The State of the State address on Tuesday will serve as a farewell from Governor Chris Christie. A two term governor who won his second term in a landslide election and could have been president, only to collapse in popularity later. Once enjoying nosebleed high approval ratings, a Rutgers-Eagleton poll just out shows him leaving office with a 19% approval rating. The same poll shows only 5% of respondents saying they will miss him.

He's indicated you're wrong. He's suggested that when a new governor takes over and new policies are in place, you'll soon look back on him more fondly than you feel at present.

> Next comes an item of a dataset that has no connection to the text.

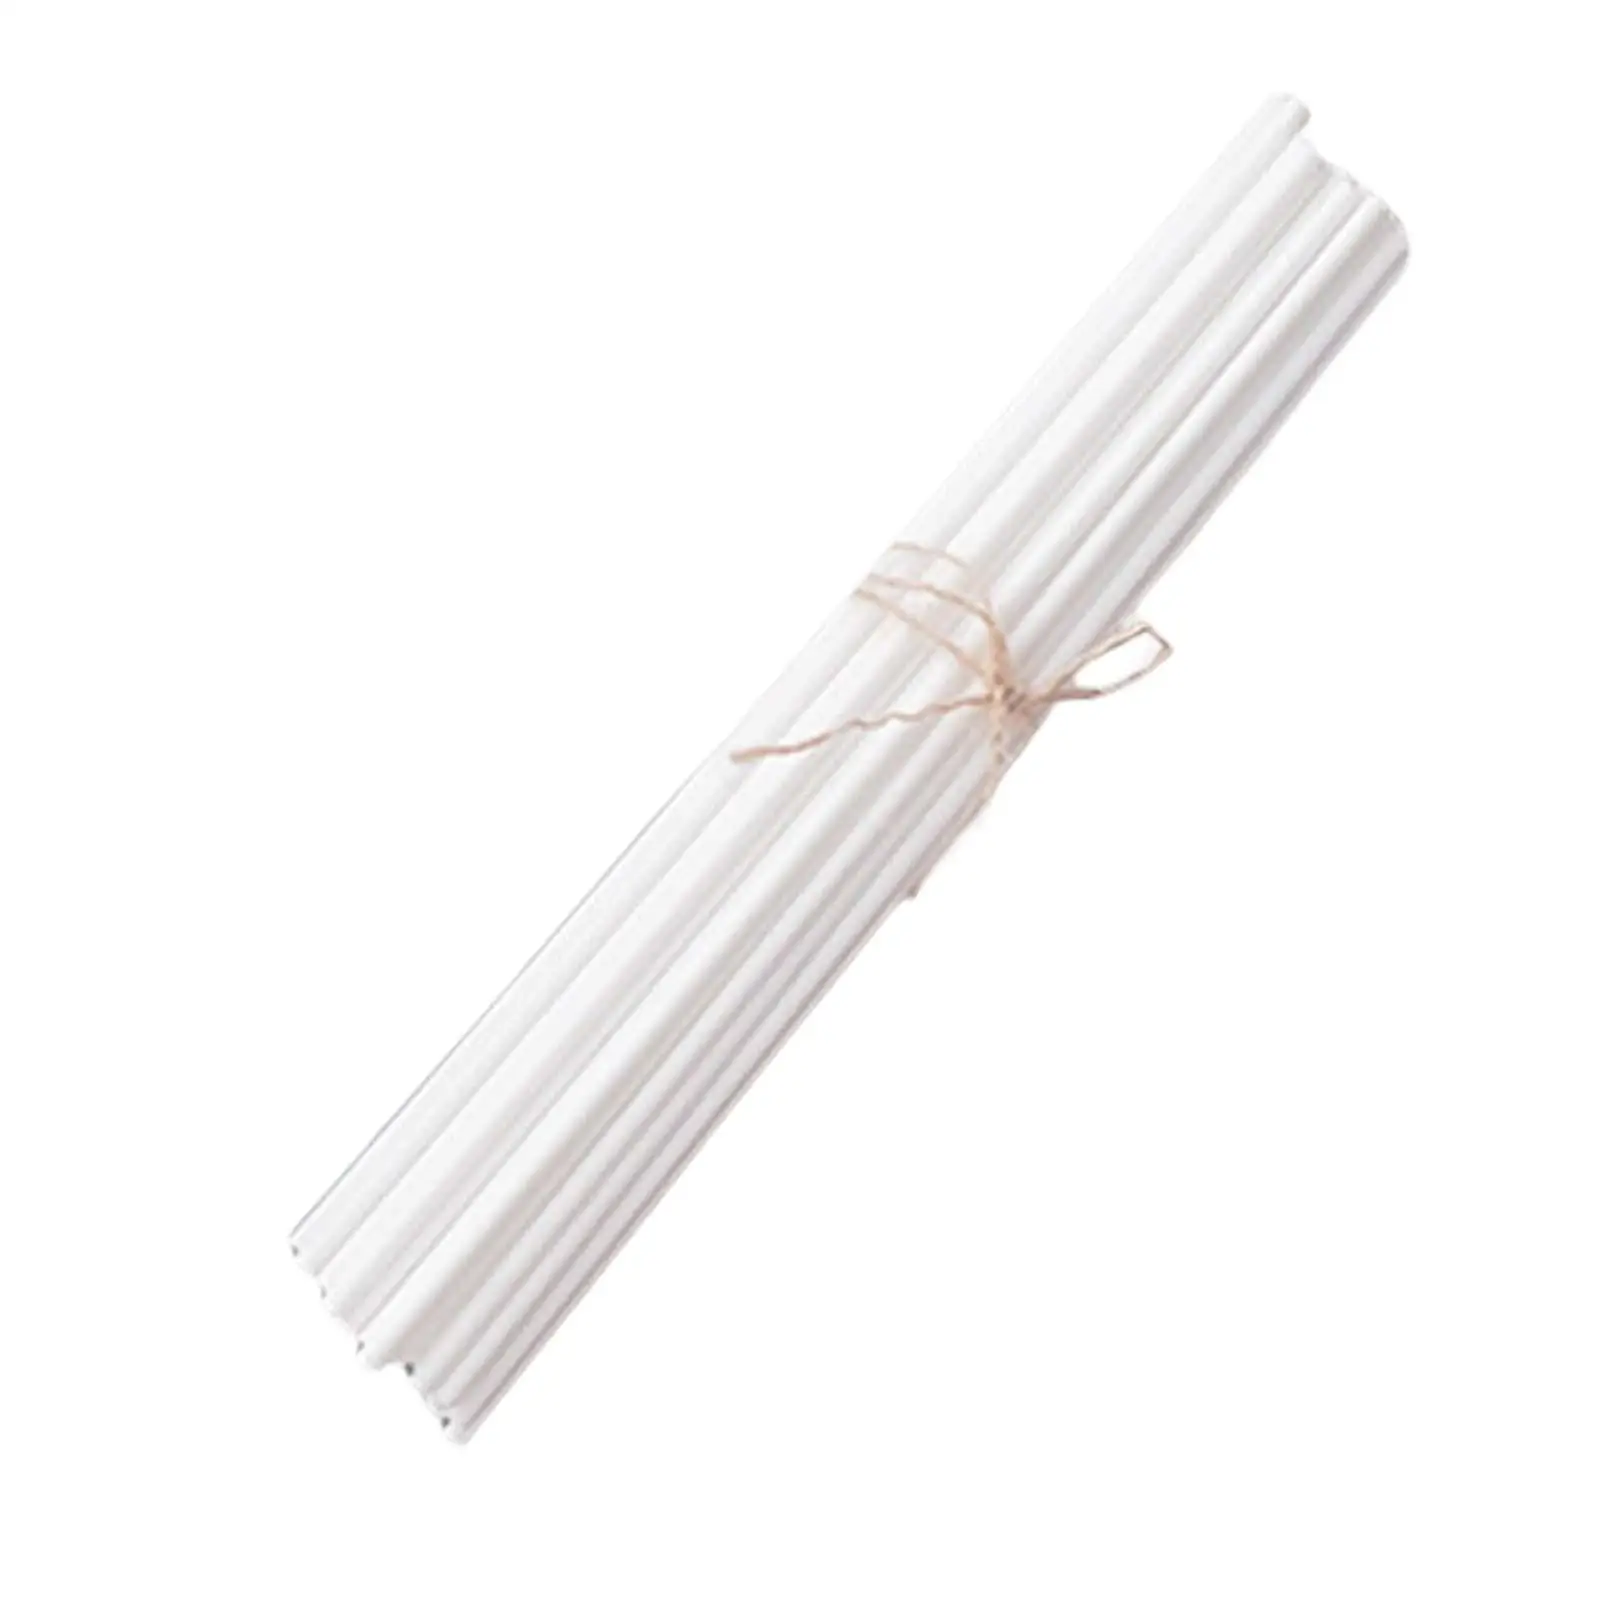 100x Reed Diffuser Sticks Set Essential Oil Rattan Reed Sticks 3mm 20cm Fragrance for Home Bedroom Living Room Kitchen

What will he be remembered for? Taking on the state workers? Trying to tackle the pension crisis? His 2% property tax cap? His heartfelt, full on assault on the opioid epidemic?

Or will it be the glaring difference between his first term and his second? One got the feeling he was a different Christie in the beginning. One who was all about the challenge, the fight back, the ugly business of putting New Jersey on a course correction. Whereas later he seemed to become the guy who believed in his own press, enjoyed his appearances on Fallon and SNL far too much. To be fair, it must take a Herculean effort to not let it go to your head when so many were courting him to run for president in 2012. It would have been his, and he knows that now.

Then came Bridgegate. Many laughed it off at first. I knew it would have lasting reverberations. Sure enough, his appeal never recovered and his presidential bid in 2016 was doomed. Will Bridgegate be the thing we'll remember most about Chris Christie?

Or will it be the state shutdown and the infamous beach chair photo? As his tenure grew longer his arrogance grew bigger. In the end he seemed to be living in a delusional state. He believes we'll miss him.

We won't.

If Phil Murphy does to New Jersey what a lot of us are worried he will; rising taxes, skyrocketing property taxes, sanctuary state progressiveness, what we'll miss won't actually be Christie. It would simply be a time that was less bad. That isn't saying much.

Ultimately, what we'll remember about Chris Christie isn't Bridgegate. It isn't pension reform, proposed school funding reform, the opioid epidemic, the gas tax hike. It isn't the SNL and Letterman appearances or the presidential aspirations. It isn't his relationship with Donald Trump or the aftermath of Sandy.

What we'll remember about Christ Christie is the guy who wasn't afraid to yell back when someone took him on at the boardwalk. Or at the ballgame. Or any of another dozen public spectacles. What we'll remember about Chris Christie is the passionate swagger whether right or wrong. What we'll remember is being closer to knowing the true personality of any governor who ever held office. What we'll remember most is simply...Chris Christie.